Despite his irritation Cicero rose to the challenge. AS during his Quaestorship in Sicily many years before, he was an able, hardworking and fair-minded administrator. Following Crassus’s defeat and death, the region was uneasily anticipating incursions, perhaps a full-scale invasion, by the aroused and victorious Parthians. Since he himself had practically no military experience, he made sure that his Legates, or deputies, did. One of these was his brother, Quintus, whose background both as a governor and as a general in Gaul would make him an invaluable adviser and aide. Another was the able Caius Pomptinus, who had led the ambush at the Milvian Bridge during Cicero’s Consulship and had later efficiently put down a revolt of the Allobroges in Gaul in the wake of Catilina’s conspiracy.
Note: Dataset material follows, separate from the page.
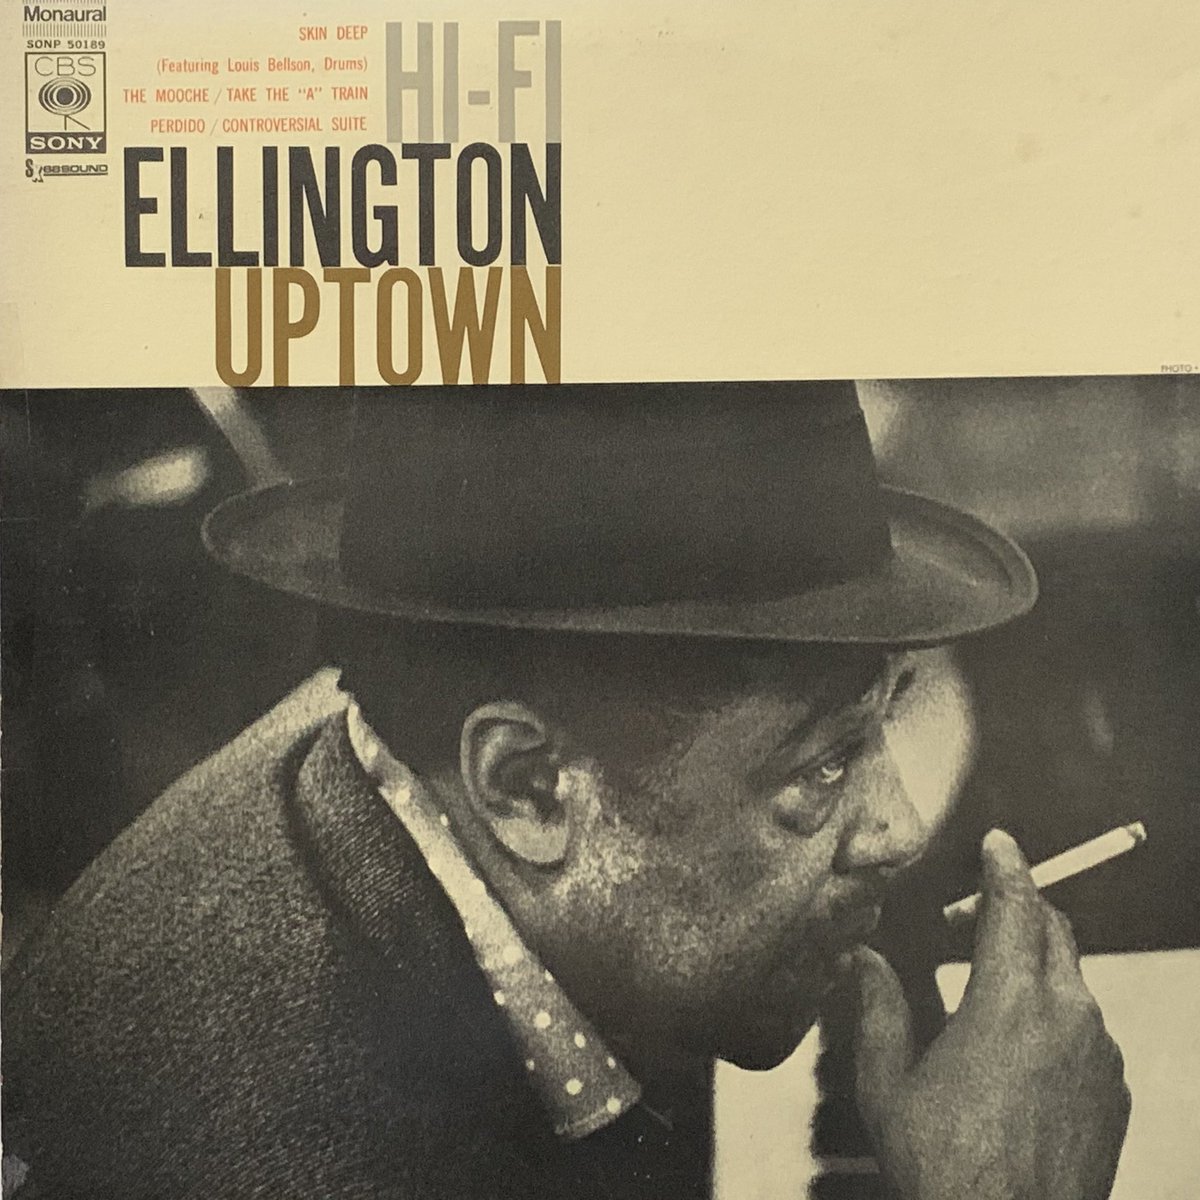 HI-FI ELLINGTON UP TOWN Duke Ellington and his Orchestra Recorded 1952

On the domestic as well as the political front, the two brothers were leaving trouble behind them. They spent the May Day holiday, a time of symbolic misrule when servants and slaves were waited on by their masters, at Quintus’s hideaway farm near Arpinum. Pomponia decided to stage a monumental sulk. Her casus belli was Quintus’s continuing fondness for his freedman, Statius—a subject on which in principle she and her brother-in-law agreed. Cicero told Atticus, Pomponia’s brother, what had happened:

When we arrived, Quintus said in the kindest way: “Pomponia, will you ask the women in and I’ll get the boys? [i.e., the slaves and servants].” Both what he said and his intention and manner were perfectly pleasant, at least it seemed so to me. Pomponia however answered in our hearing, “I am a guest here myself.” That, I imagine, was because Statius had gone ahead of us to see to our luncheon. Quintus said to me: “There! This is the sort of thing I have to put up with all the time.” You’ll say, “What is there in that, pray?” A good deal. I myself was quite shocked. Her words and manner were gratuitously rude. I concealed my feelings, painful as they were, and we all took our places except the lady. Quintus however had some food sent to her, which she refused. In a word, I felt my brother could not have been more forbearing nor your sister ruder.… [Quintus] came over to see me the following day. He told me that Pomponia had refused to spend the night with him and that her attitude when she said good-bye was just as I had seen it. You may tell her to her face that in my judgment her manners that day left something to be desired.